Na contestação, a ré “DDs, L.da” invoca a incompetência internacional do tribunal português para conhecer do objeto da presente ação.

Por sua vez, na sua contestação, os réus CC, SA”, e EE e mulher, FF, invocam a exceção do caso julgado.

Na sua resposta, as autoras sustentam o indeferimento das exceções da incompetência internacional e do caso julgado.

No despacho saneador, julgou-se o tribunal português, internacionalmente, incompetente para a tramitação e decisão da presente causa, bem como verificada a exceção de caso julgado, em face dos factos já julgados e apreciados, no processo ordinário nº 128/11.1YIPRT, da Comarca de Leiria, Secção Cível, Juiz 4, com a consequente absolvição dos réus da instância.

Desta decisão, a autora “AA, S.A.” interpôs recurso, tendo o Tribunal da Relação julgado a apelação improcedente, “confirmando o despacho recorrido na parte em que absolve os Réus da presente instância, com fundamento na incompetência internacional dos Tribunais Portugueses para a apreciação da presente lide” e declarado “prejudicado o conhecimento da também invocada exceção de caso julgado, por manifesta inutilidade desse conhecimento”.

Deste acórdão da Relação de Coimbra, os autores interpuseram agora recurso de revista, para este Supremo Tribunal de Justiça, concluindo as alegações com o pedido da sua revogação e substituição por outro que fixe jurisprudência no sentido de serem os tribunais portugueses, internacionalmente, competentes para julgar litígios em que, estando
envolvidos vários ordenamentos jurídicos, alguns dos factos que integram a causa de pedir hajam sido praticados em território português, e, bem assim, conclua pela inexistência da exceção de caso julgado, relativamente à sentença proferida, na ação de processo ordinário nº 128/11.1YIPRT, da Comarca de Leiria, formulando as seguintes proposições que, integralmente, se transcrevem:

1ª - O Tribunal recorrido fez uma errada interpretação e aplicação da lei.

2ª - O Tribunal a quo é internacionalmente competente para a decisão da causa, nos termos do disposto nos artigos 62.°, a); 71.°, n° 1 e 82°, n° 1 do C.P.C., uma vez que a presente ação tem por fundamento o cumprimento de obrigações contratuais e uma indemnização pelo não cumprimento; a primeira e a segunda rés são pessoas coletivas e o tribunal do domicílio do maior número de réus é o da Comarca de Leiria.

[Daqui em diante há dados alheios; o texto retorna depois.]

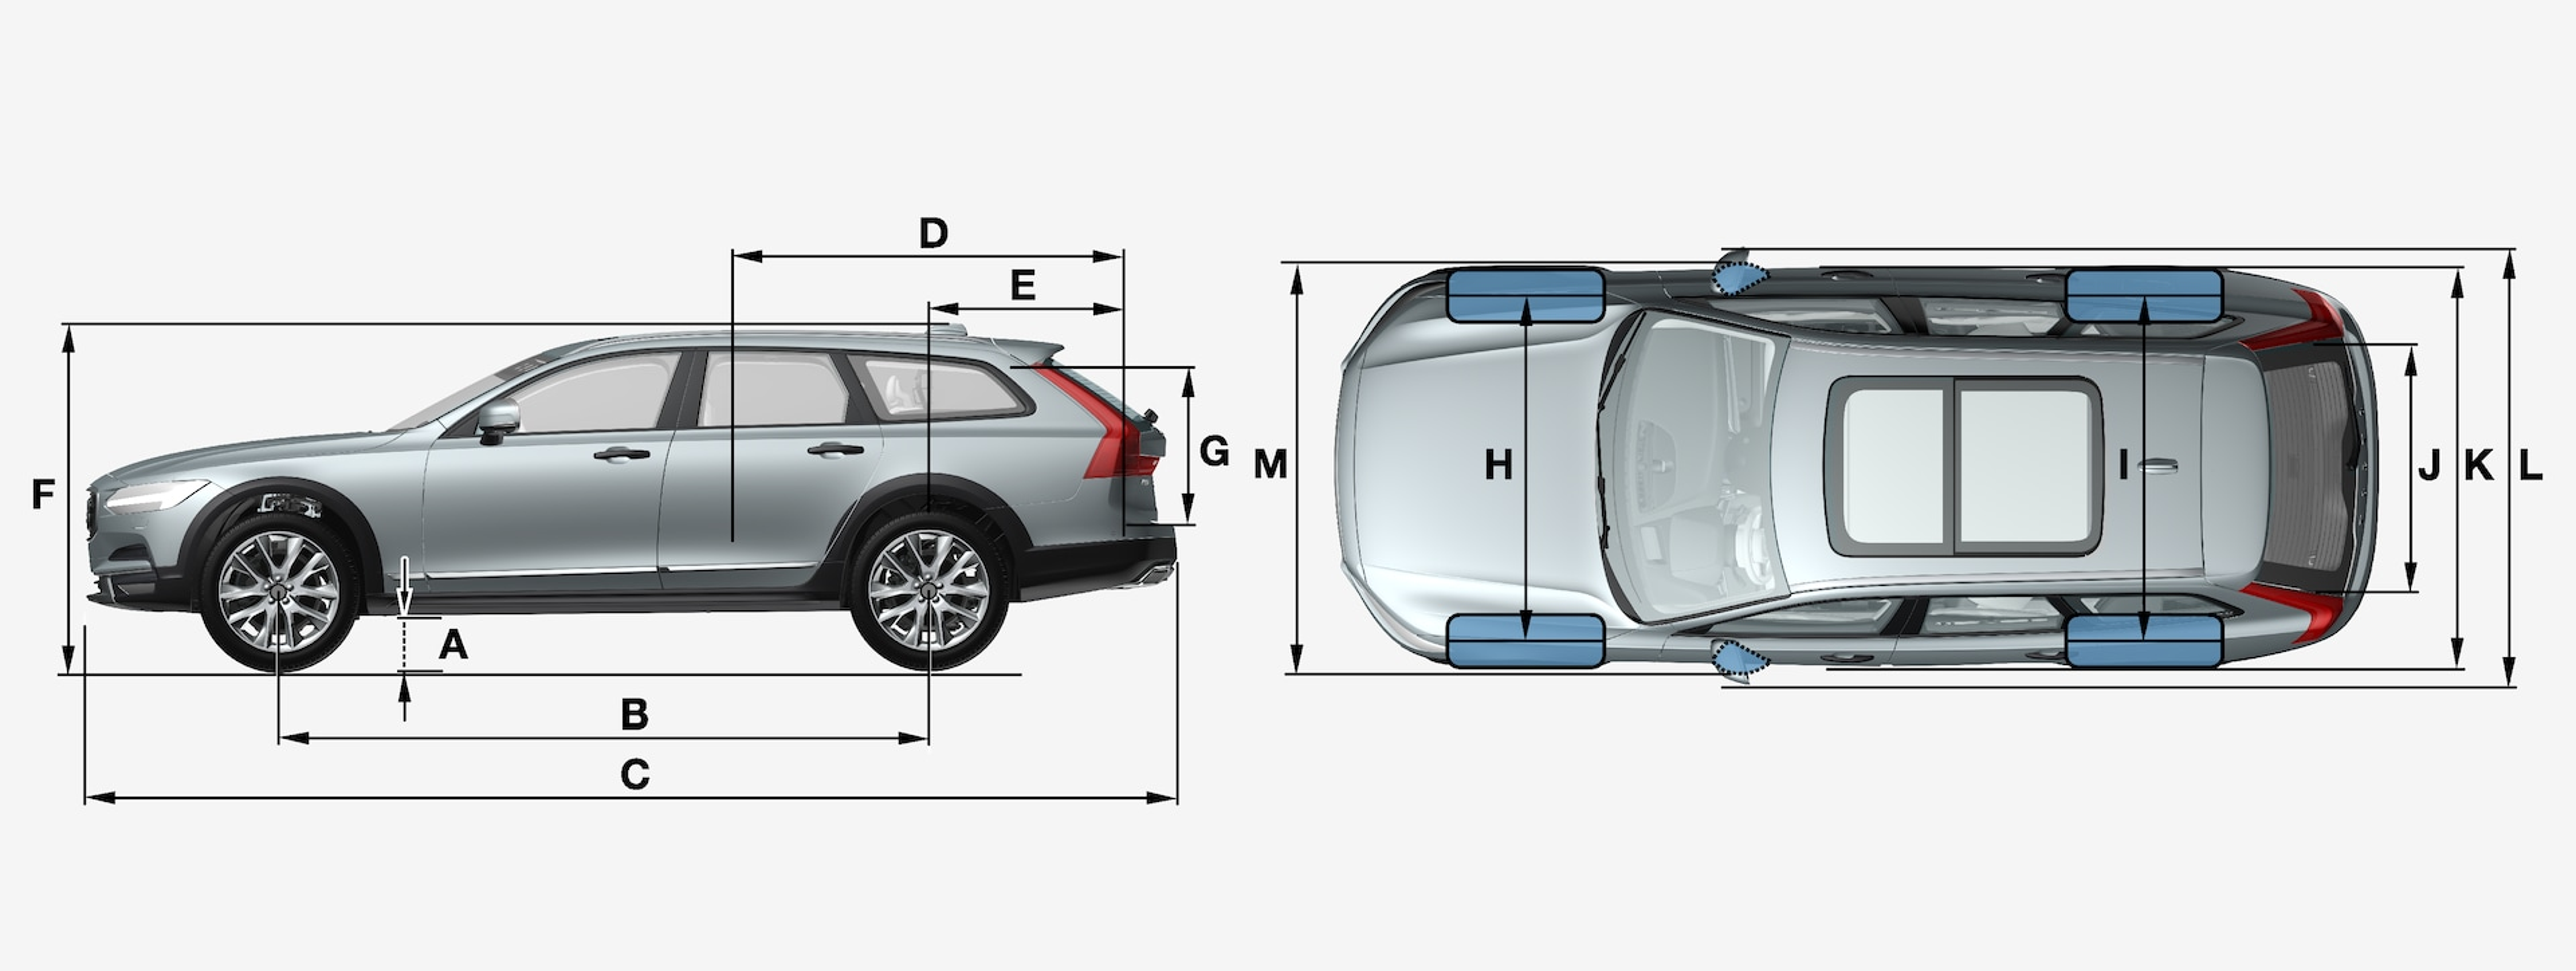 2020 Volvo V90 Specification Pricing

3ª - Como refere o Ac. do T.R.P., de 28/02/2013, proferido no âmbito do
processo n.° 182/11.6TVPRT-A.P1, relatado pelo Desembargador José Amaral,
in www.dgsi.pt (Ac. fundamento), a competência internacional dos tribunais portugueses deve ser aferida, na falta de instrumentos internacionais, pelo pedido e pela causa de pedir invocados pelo autor na petição inicial, bastando a verificação de alguma das circunstâncias elencadas no artigo 62.° do C.P.C..

4ª - Decorre da própria lei (artigo 59.° do C.P.C.), da Doutrina (Antunes Varela, ob. citada, página 199) e da Jurisprudência (Acórdãos do STJ, de 30-07-1987, relatado pelo Conselheiro José Domingues ou de 25-11-2004, relatado pelo Conselheiro Araújo de Barros, ambos in www.dgsi.pt), que basta a verificação de alguma das descritas circunstâncias ou fatores (princípio da autonomia ou da independência) para que ao tribunal português seja atribuída a competência.

5ª - Como se refere no Acórdão do S.T.J. de 30/01/2013, relatado pelo Conselheiro Salazar Casanova, in www.dgsi.pt, a competência internacional dos tribunais portugueses deve ser aferida em função do pedido e causa de pedir invocados pelo autor.

6ª - Tendo sido praticados em território português alguns dos factos que servem de causa de pedir na ação, o tribunal português é competente para a julgar, nos termos do artigo 62.°, al. b) do C.P.C..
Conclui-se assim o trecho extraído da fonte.